McCain Camp: "Job Killing" Obama Politicizing Employment Issue

McCain Camp: "Job Killing" Obama Politicizing Employment Issue

Not 90 minutes after Obama campaign manager David Plouffe made political hay out of John McCain's association with a deal that could cost over 8,000 Ohioans their jobs, the Arizona Republican's campaign whipped themselves into a fine lather of outrage.

On a Friday conference call organized to "discuss Barack Obama's attempt to politicize potential job losses in Wilmington, Ohio," McCain's campaign put Mary Houghtaling on the witness stand. Ms. Houghtaling, who had asked McCain whether he could do anything to stop a widely announced plan by shipping company DHL to abandon its Wilmington hub, received the following answer from McCain in July: "I gotta look you in the eye and give you straight talk. I don't know if I can stop it or not or if it will be stopped."

That response is now being used by Obama against the presumptive Republican nominee, given that McCain campaign manager Rick Davis's lobbying firm has been intricately involved with DHL in the past.

In response Friday, Houghtaling was furious at Obama over his campaign's radio ad, which she said was "politicizing" the tragedy happening to "our little town." She said her husband, a pilot, would likely lose his job as a result of DHL pulling up stakes.

"I am offended," she told a group of reporters on an afternoon conference call. "That [Obama] would use me under this situation, when I'm probably going to be looking at foreclosure. It's a shameful, horrible thing to do ... to promote him. It isn't fair, It's wrong."

Then, with a quavering voice that hinted at tears, Houghtaling said: "We don't need any more bad things in Wilmington. We just need to be happy in Wilmington for one weekend. Please take the ad down, Senator Obama."

Truly, a more sympathetic surrogate for the McCain campaign's position would be difficult to find. Though leveraging the pain of an economic victim in a partisan conference call inevitably carries a hint of politicization, as well. But as you might expect from campaign operatives, such self-awareness was not on the program.
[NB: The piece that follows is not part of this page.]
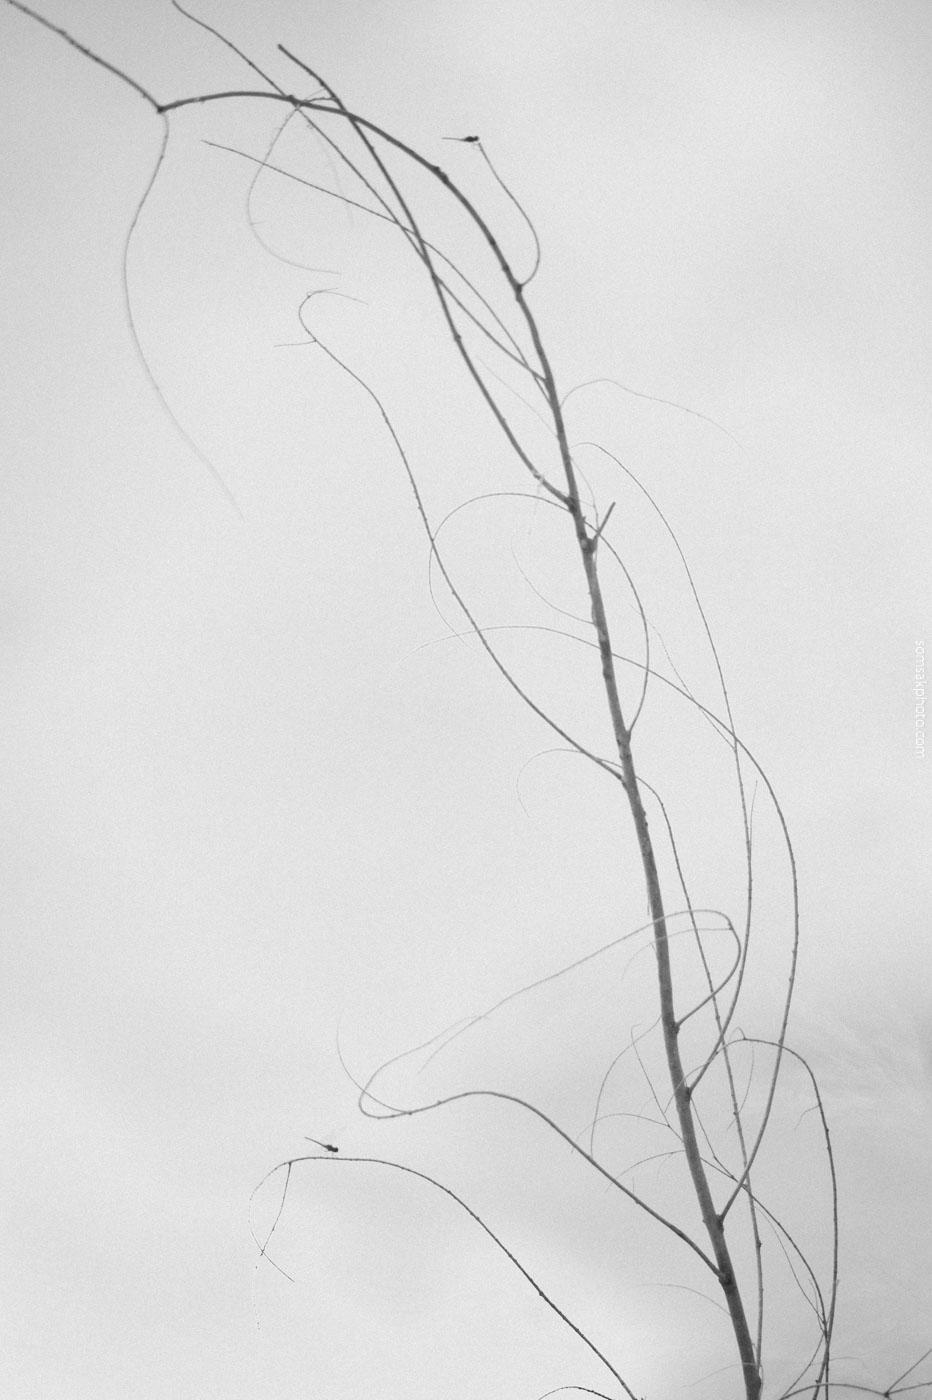 ชื่อภาพ แมงปอเกาะกิ่งไม้...  บางครั้ง การไม่ตั้งชื่อ ไม่รู้ชื่อภาพ   ดูอย่างเดียว...ได้อรรถรสกว่า.....

In fact, to listen to McCain spokeswoman Nancy Pfotenhauer tell it, the campaign was not even engaged in negative campaigning. Seeking to paper over a factual slip made by Houghtaling -- who suggested that McCain had called for a hearing on DHL that Rep. John Conyers actually asked for -- the press aide said: "We're not running ads attacking Sen. Obama."

This occurred at approximately 4:45 pm, or 20 minutes after eagle-eyed reporters may have noticed a McCain campaign email that announced a new ... wait for it ... radio ad attacking Barack Obama on the economy. Entitled "Recipe," it includes the line: "If elected President, Obama's promises would mean even more taxes on income, electricity, oil, small business, seniors, your life savings, your family. Painful taxes when times are tough enough." (And as the Huffington Post reported yesterday, a leaked internal McCain memo described the campaign strategy to paint Obama as a "job-killing machine.")

Yes, politicizing the pain of average Americans' economic pain was an absolutely terrible, irresponsible nasty thing to do on a Friday afternoon.